Edit: Looks like both work together. "Works together with top-k. A higher value (e.g., 0.95) will lead to more diverse text, while a lower value (e.g., 0.5) will generate more focused and conservative text. (Default: 0.9)"

Not quite sure how this is implemented - maybe one is preferred over the other when there are enough interesting tokens!

They both work on a sorted list of tokens by probability. top_k selects a fixed amount of tokens, top_p selects the top tokens until the sum of probabilities passes the threshold p. So for example if the top 2 tokens have a .5 and .4 probability, then a 0.9 top_p would stop selecting there.

Both can be chained together and some inference engines let you change the order of the token filtering, so you can do p before k, etc. (among all other sampling parameters, like repetition penalty, removing top token, DRY, etc.) each filtering step readjusts the probabilities so they always sum to 1.

"My first prompt created a CoT so long that it catastrophically forgot the task"

Many humans would do that

I tried the 'Strawberry' question which generated nearly 70k words of CoT.
I think you guys might be using too low of a temperature, it never goes beyond like 1k thinking tokens for me.
lol did it at least get it right?
It's a hard problem, that's a lot to ask.
Yeah it did the same in my case too. it did all the work in the <think> tokens. but did not spit out the actual answer. I was not even close to 100K tokens
If you did not change the context length, it is certain that it is not 2k or so. In "/show info" there is a field "context length" which is about the model in general, while "num_ctx" under "parameters" is the context length for the specific chat.

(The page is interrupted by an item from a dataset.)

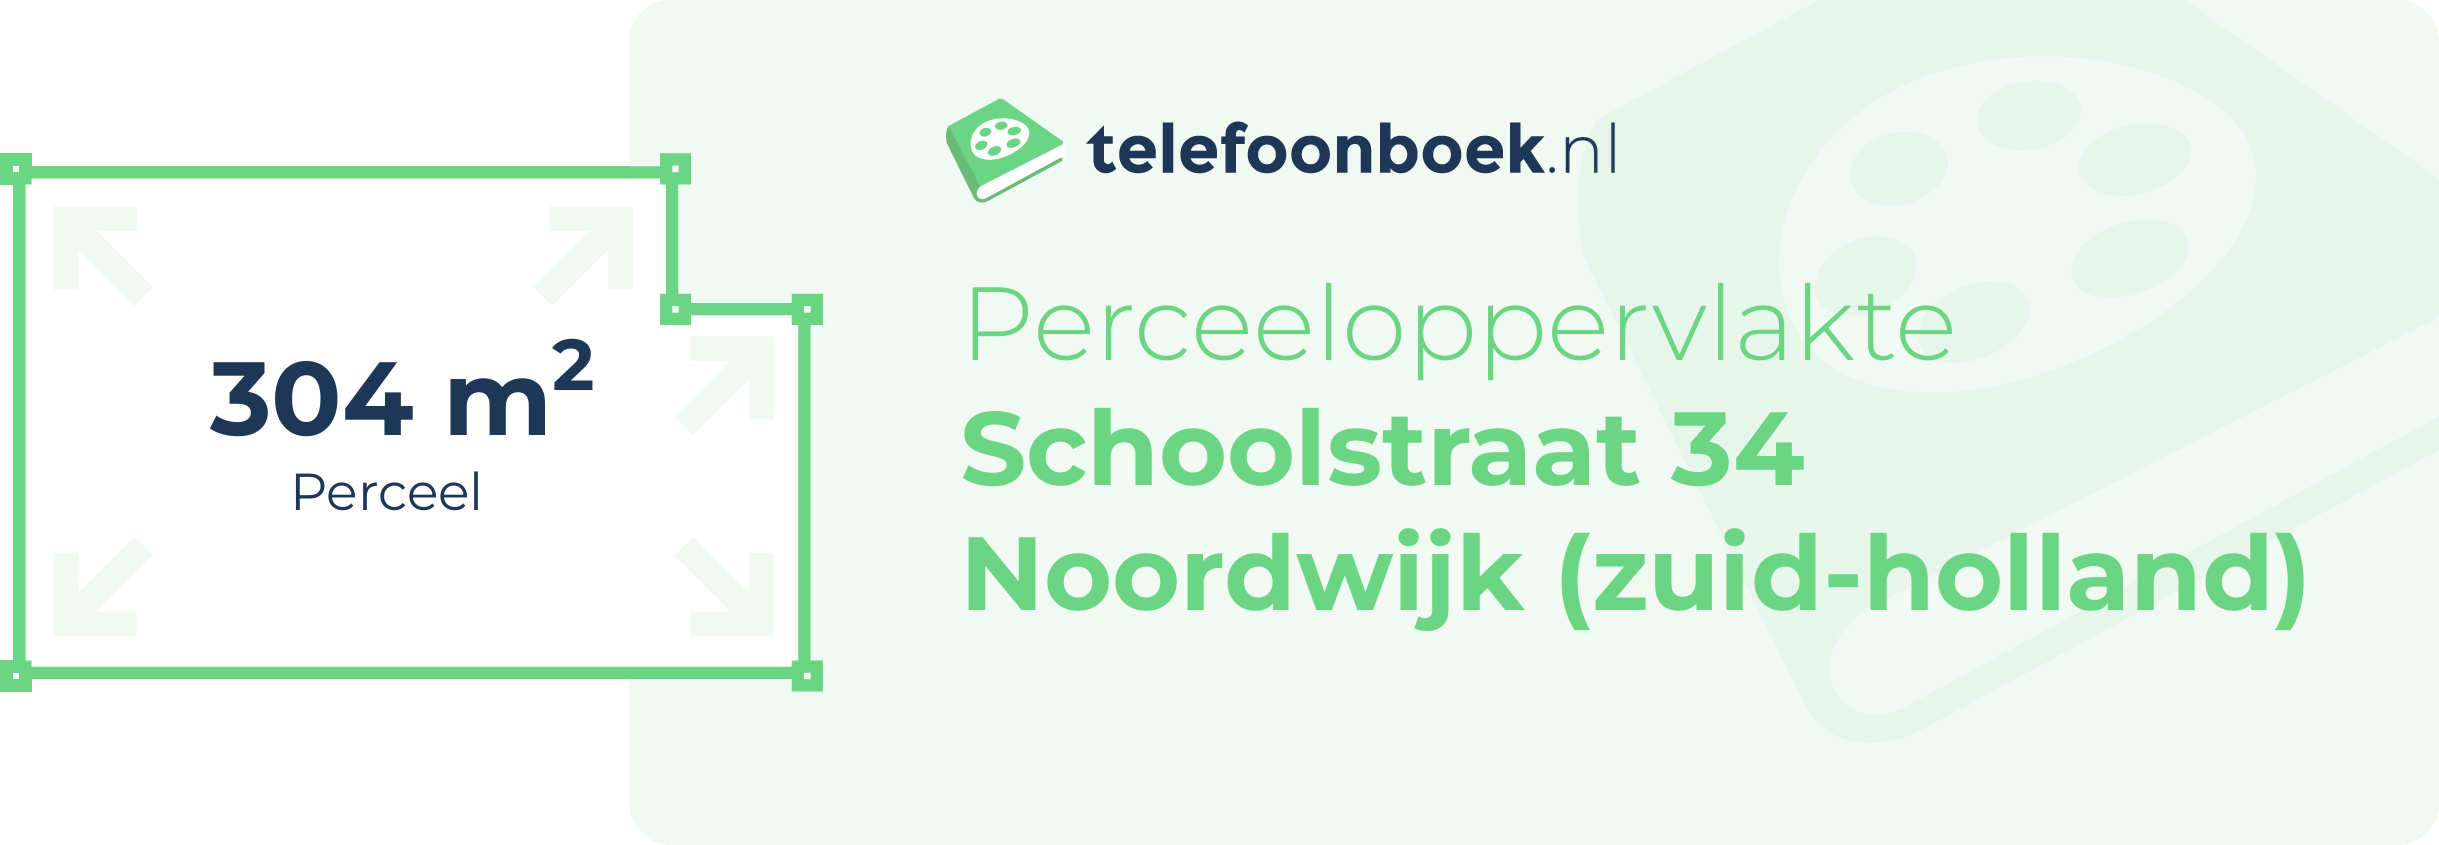 Perceeloppervlakte Schoolstraat 34 Noordwijk (Zuid-Holland)

I use modelfiles because I only use ollama because it has easy integration with other stuff eg with zed, so this way I can easily choose models with a set context size directly.

Here nothing fancy, just

    FROM qwq
    PARAMETER num_ctx 100000
You save this somewhere as a text file, you run

    ollama create qwq-100k -f path/to/that/modelfile
and you now have "qwq-100k" in your list of models.
From https://huggingface.co/Qwen/QwQ-32B

Presently, vLLM only supports static YARN, which means the scaling factor remains constant regardless of input length, potentially impacting performance on shorter texts. We advise adding the rope_scaling configuration only when processing long contexts is required.

Sorry, could you please explain what this means? I'm not into machine learning, so I don't get the jargon.
Well I can't be positive, but it looks like some of the factors that support a long context length might be set wrong. https://blog.eleuther.ai/yarn/
Can’t wait to see if my memory can even acocomodate this context
Oddly, the Chinese LLM host SiliconFlow only makes it available with 32k context, which is even smaller than their DeepSeek-R1 offering.
that's interesting... i've been noticing similar issues with long context windows & forgetting. are you seeing that the model drifts more towards the beginning of the context or is it seemingly random?

i've also been experimenting with different chunking strategies to see if that helps maintain coherence over larger contexts. it's a tricky problem.

Neither lost-in-the-middle nor long context performance have seen a lot of improvement in the recent year. It's not easy to generate long training examples that also stay meaningful, and all existing models still become significantly dumber after 20-30k tokens, particularly on hard tasks.

Reasoning models probably need some optimization constraint put on the length of the CoT, and also some priority constraint (only reason about things that need it).